(Dataset extract begins)

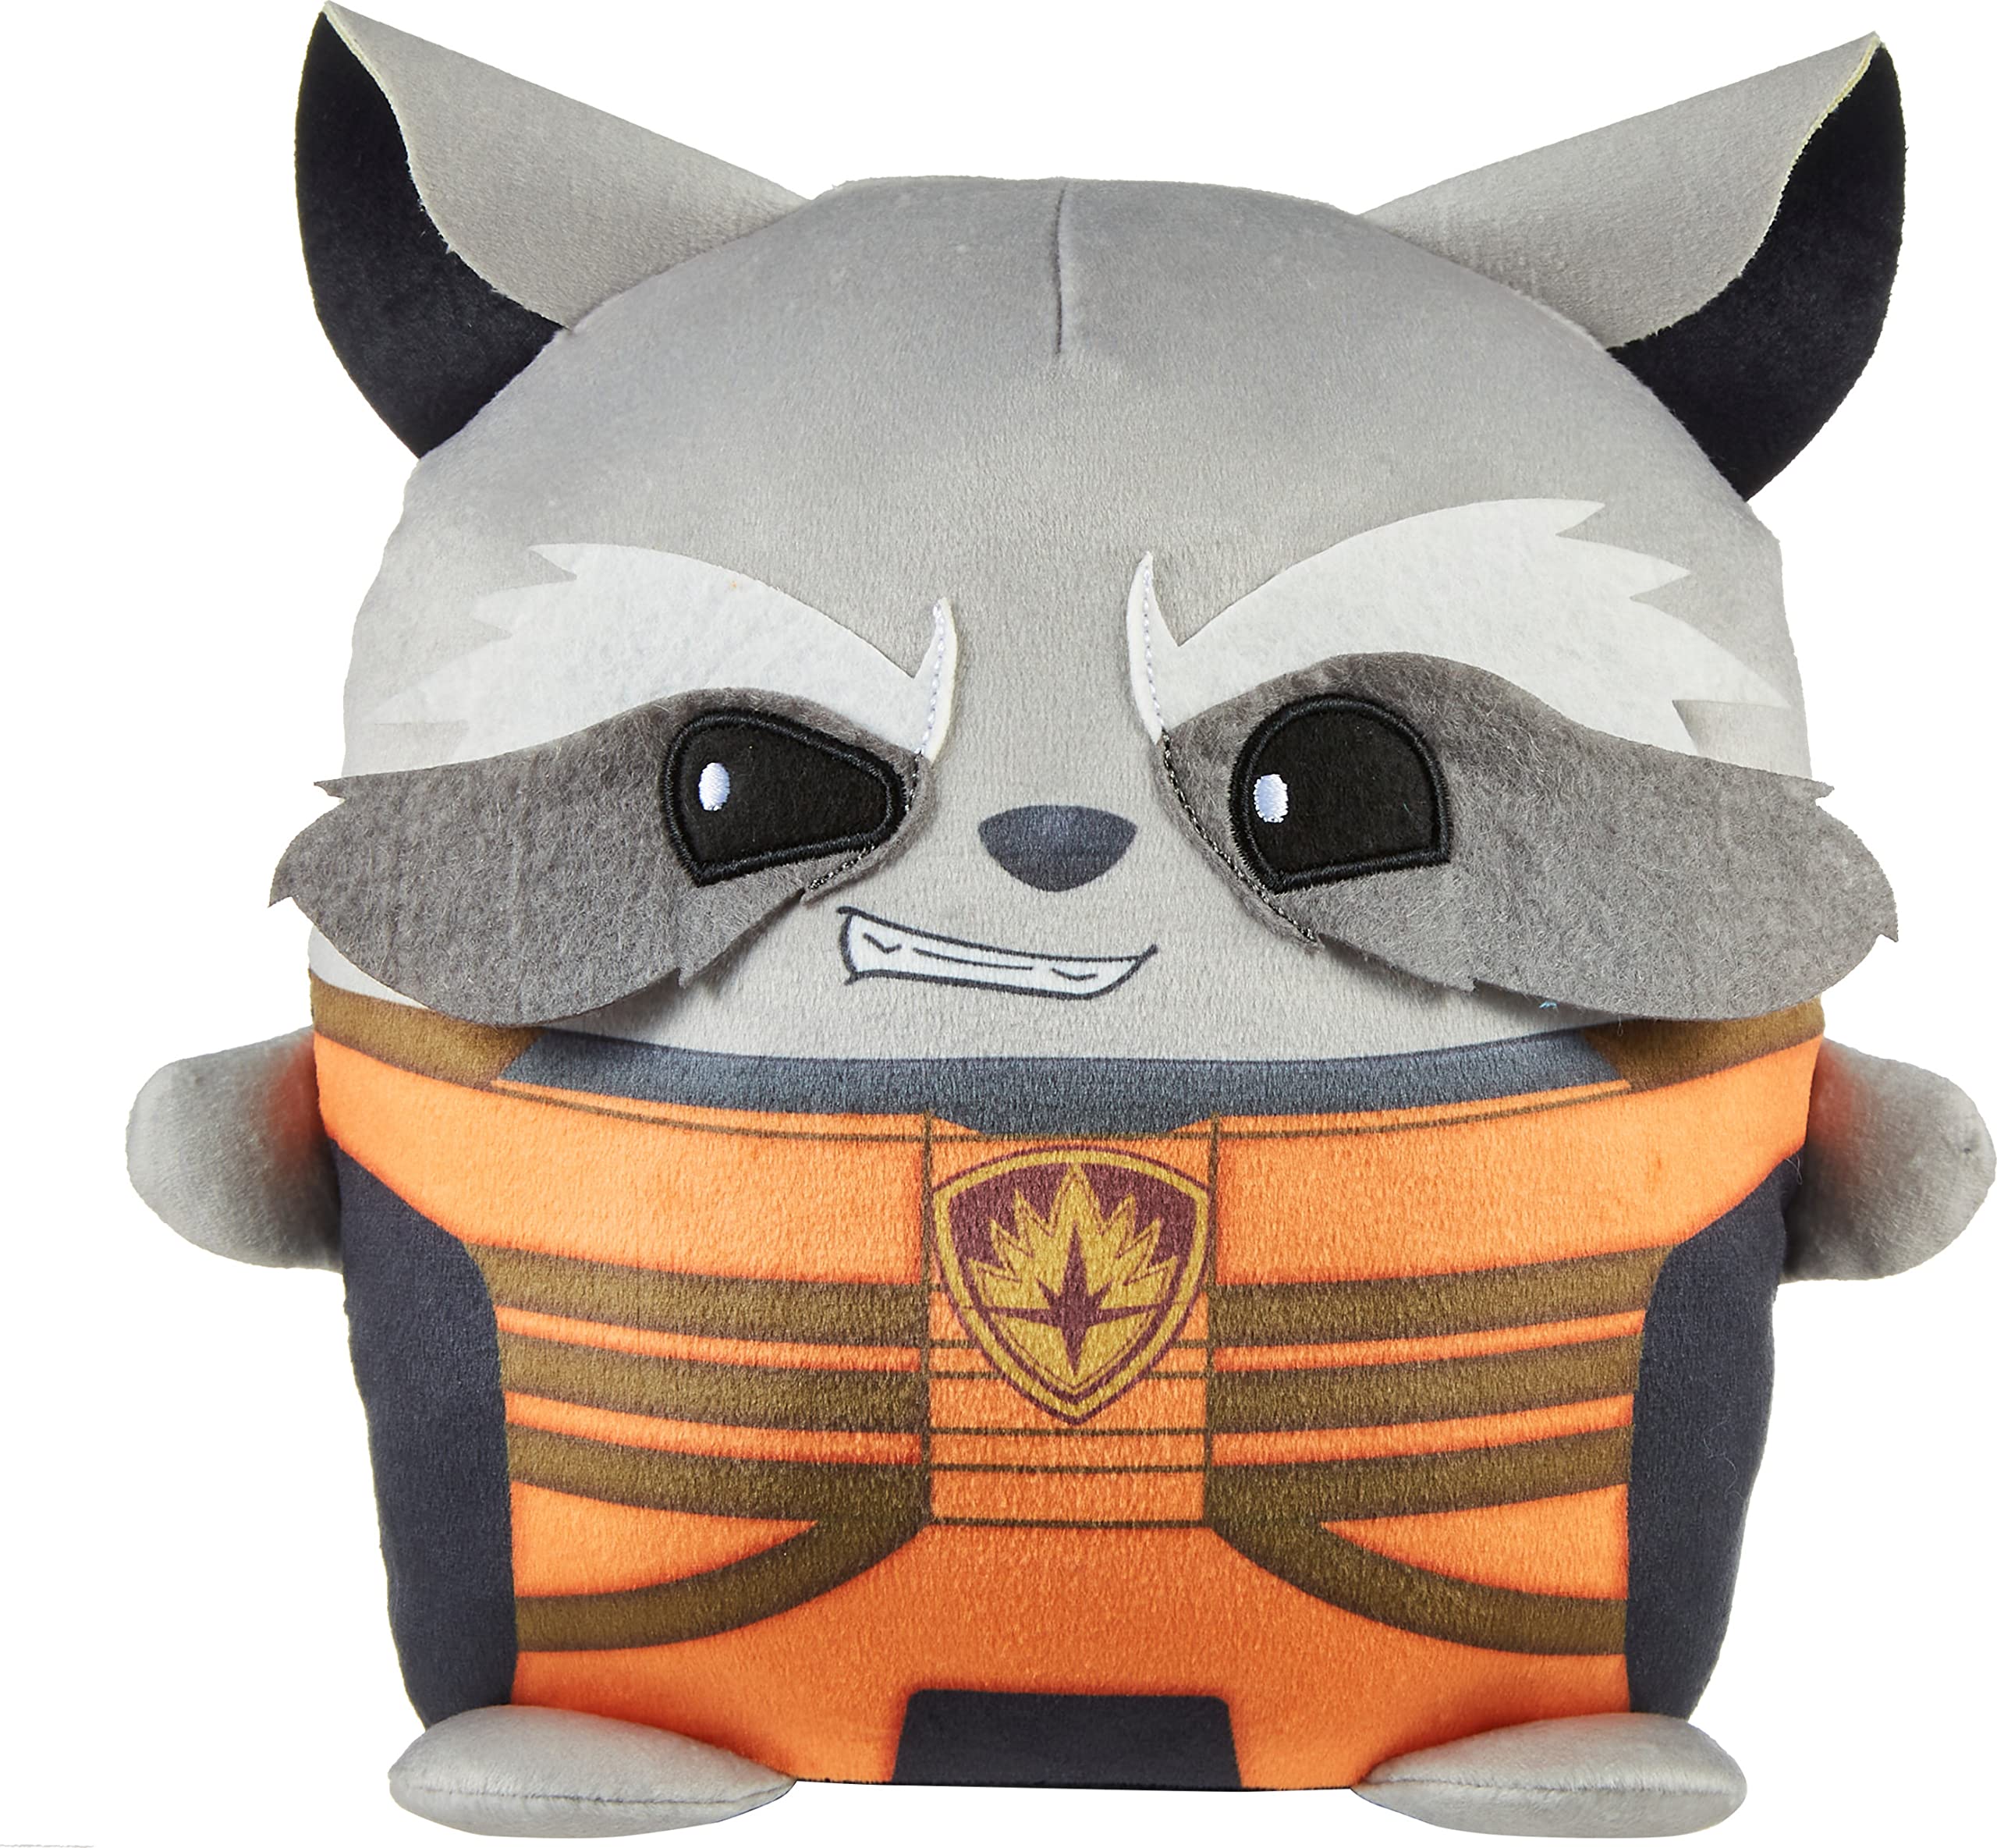 Mattel Marvel Cuutopia 10-inch Rocket Raccoon Plush Character, Super Hero Soft Rounded Pillow Doll, Collectible Toy Gift for Kids & Fans Ages 3 Years Old & Up
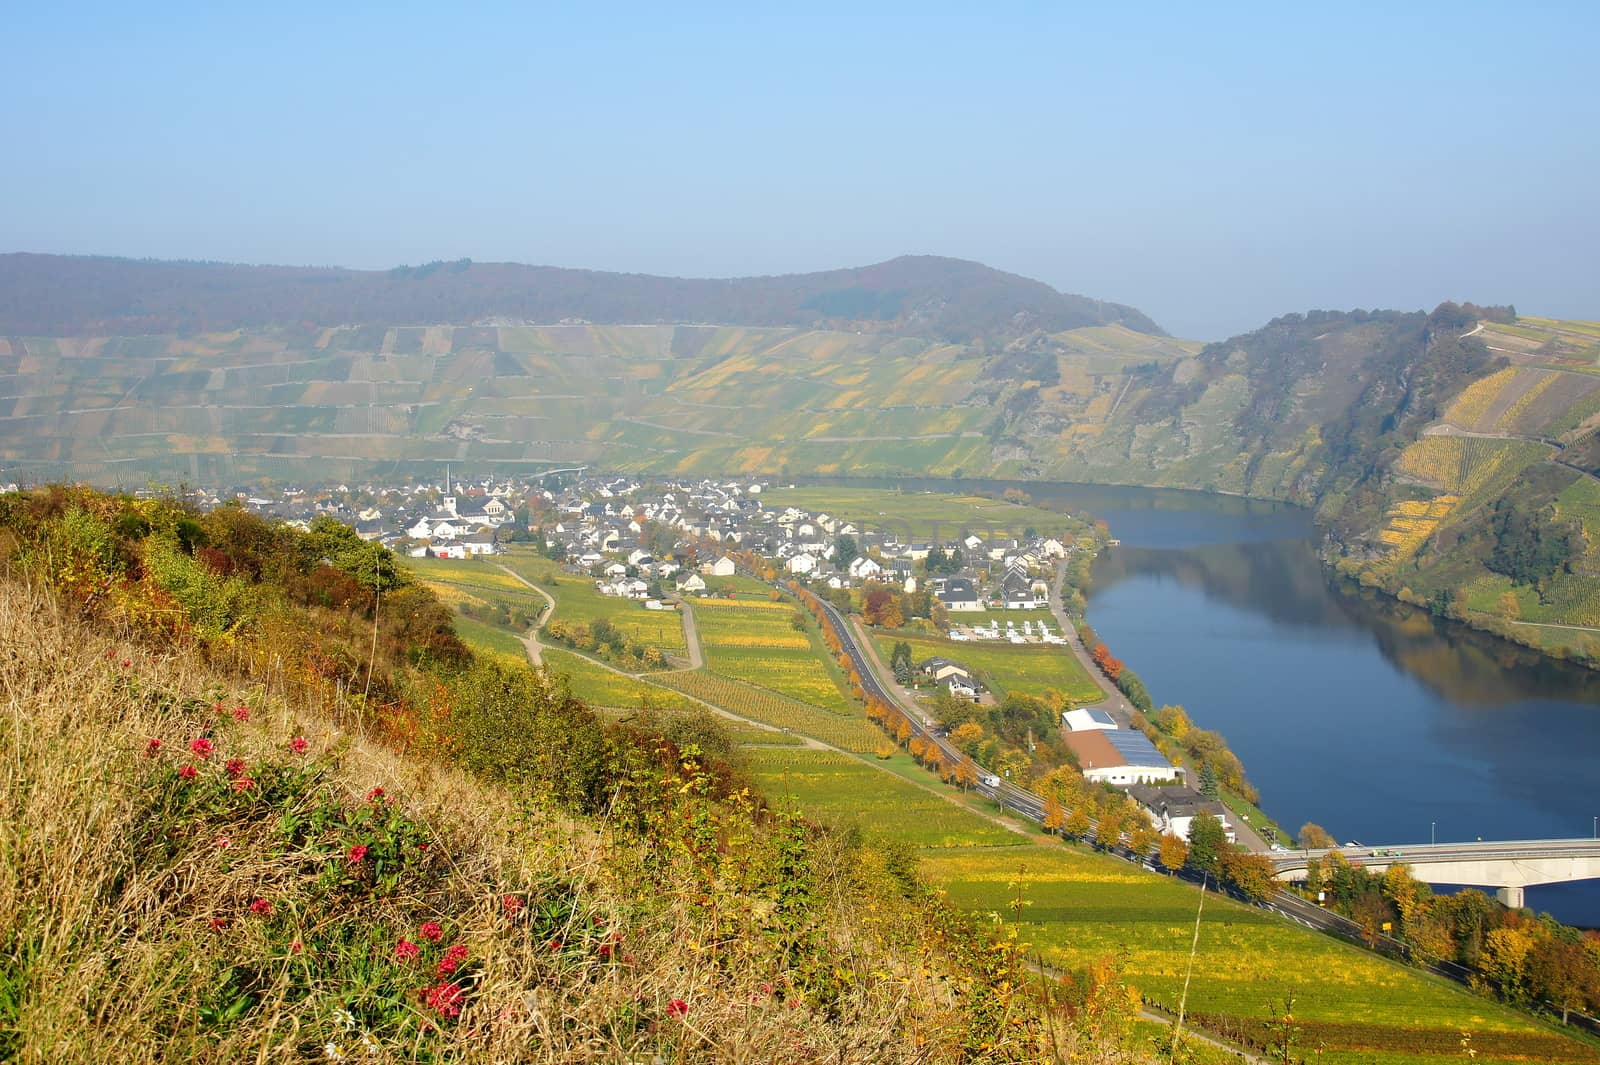 Moselle valley with the wine village Piesport left, right the Moselloreley
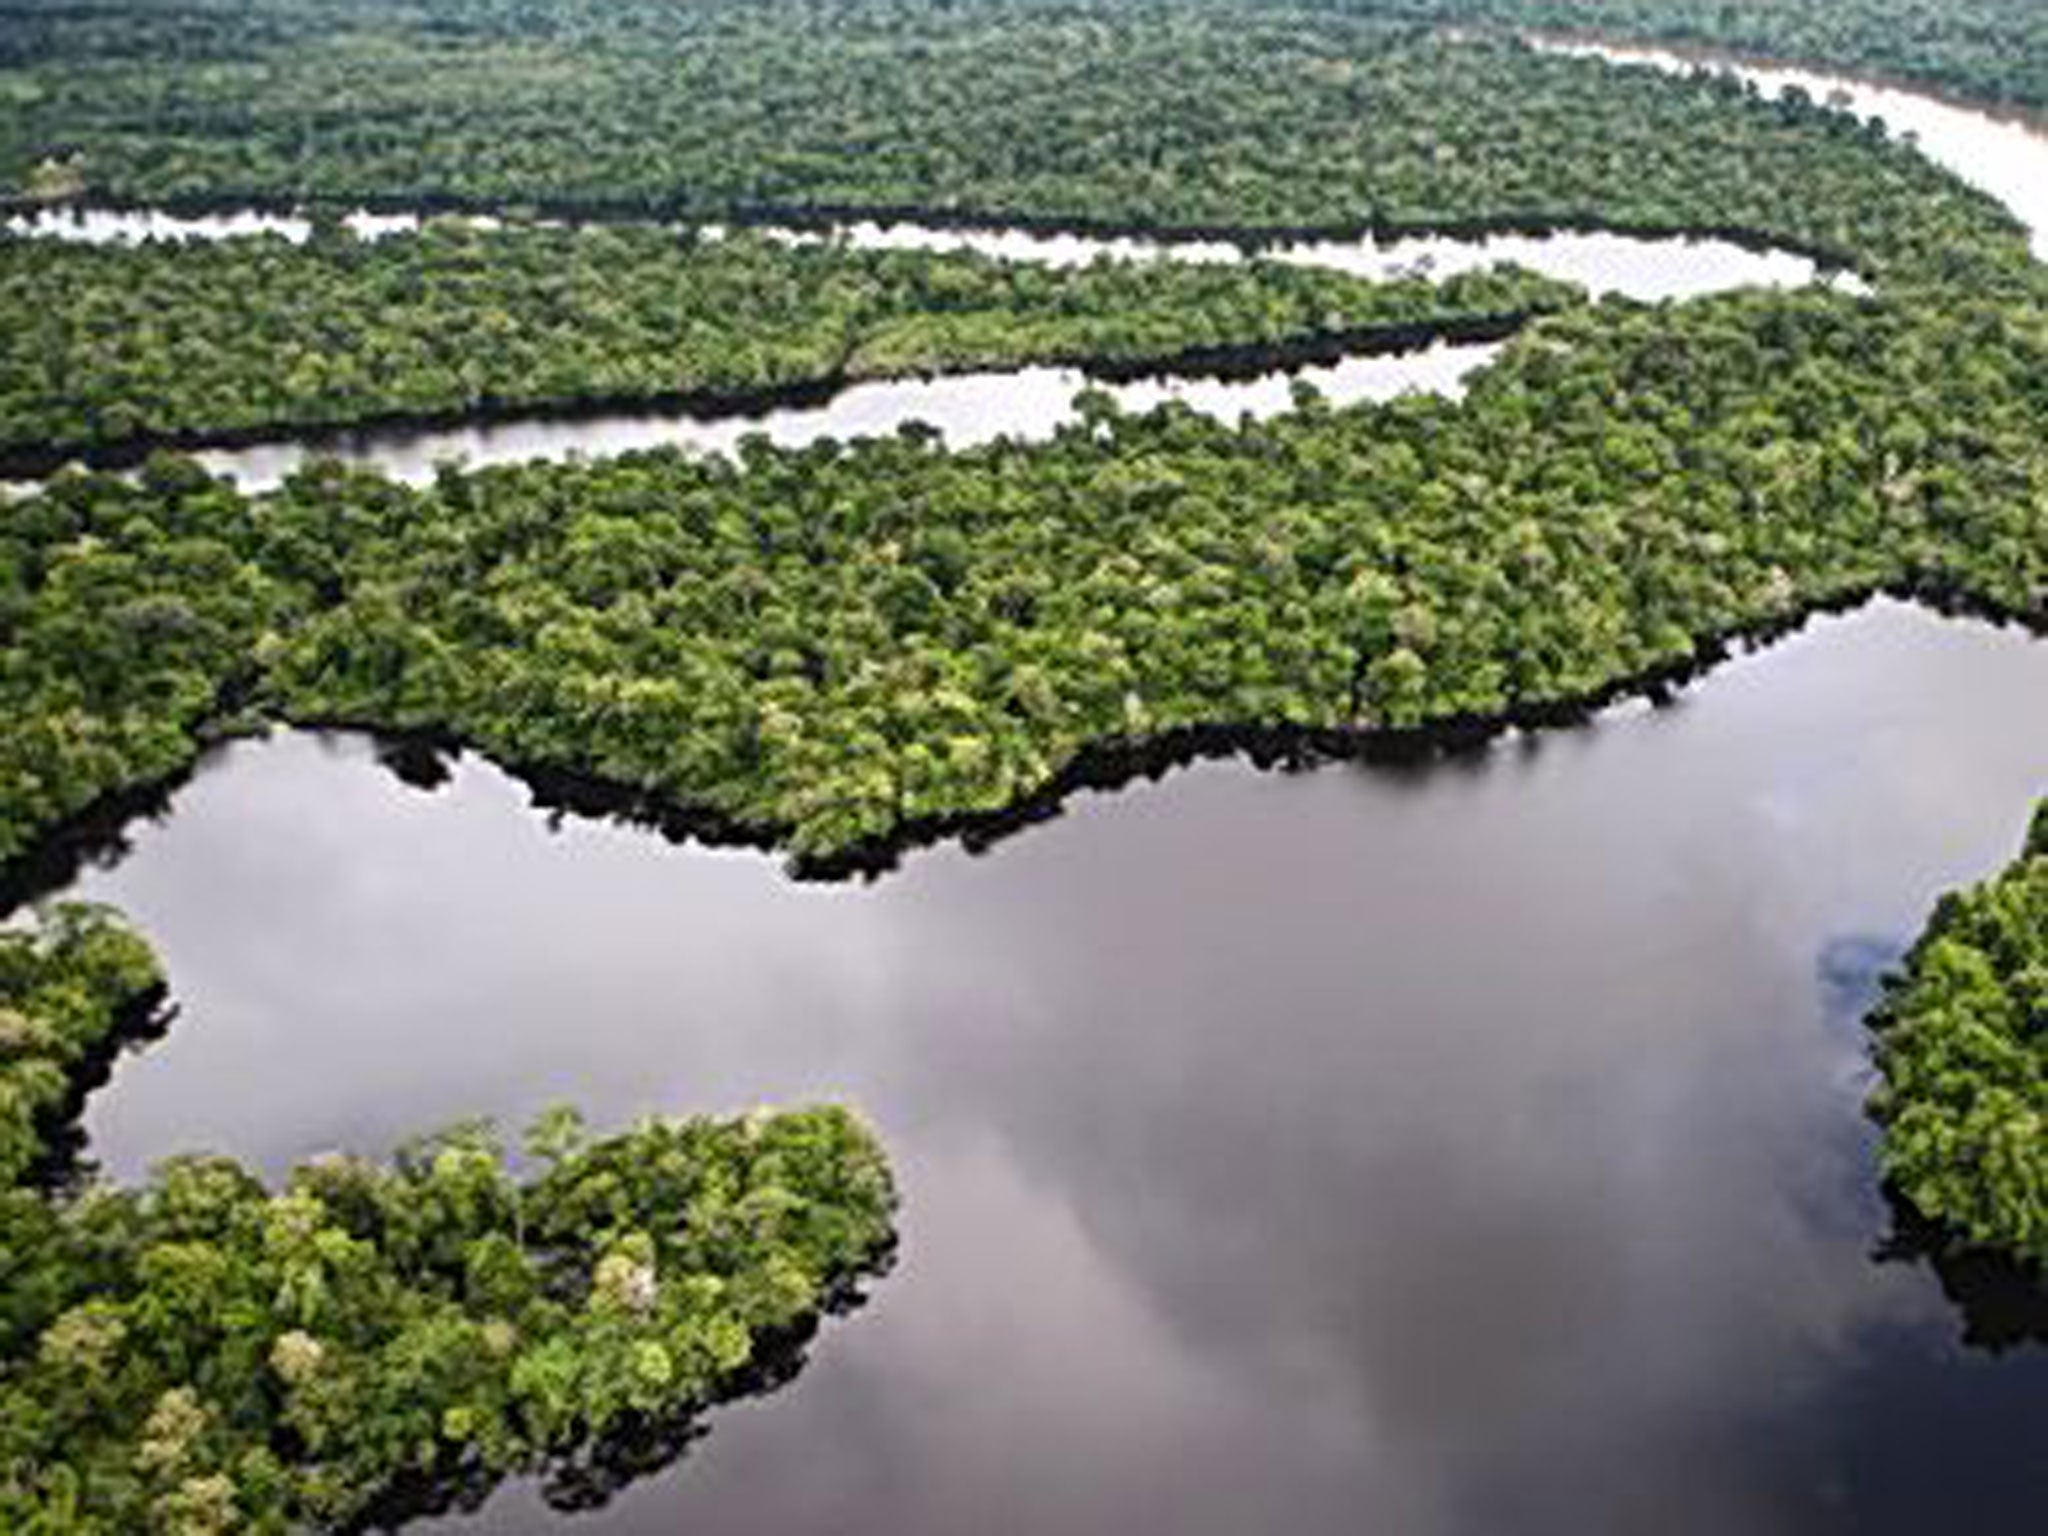 The Amazon’s eco-systems have been damaged

(Dataset extract ends)

The problem >> Without the pictures, repeat the listing exactly as it reads.

Answer space >>
 Mattel Marvel Cuutopia 10-inch Rocket Raccoon Plush Character, Super Hero Soft Rounded Pillow Doll, Collectible Toy Gift for Kids & Fans Ages 3 Years Old & Up
 Moselle valley with the wine village Piesport left, right the Moselloreley
 The Amazon’s eco-systems have been damaged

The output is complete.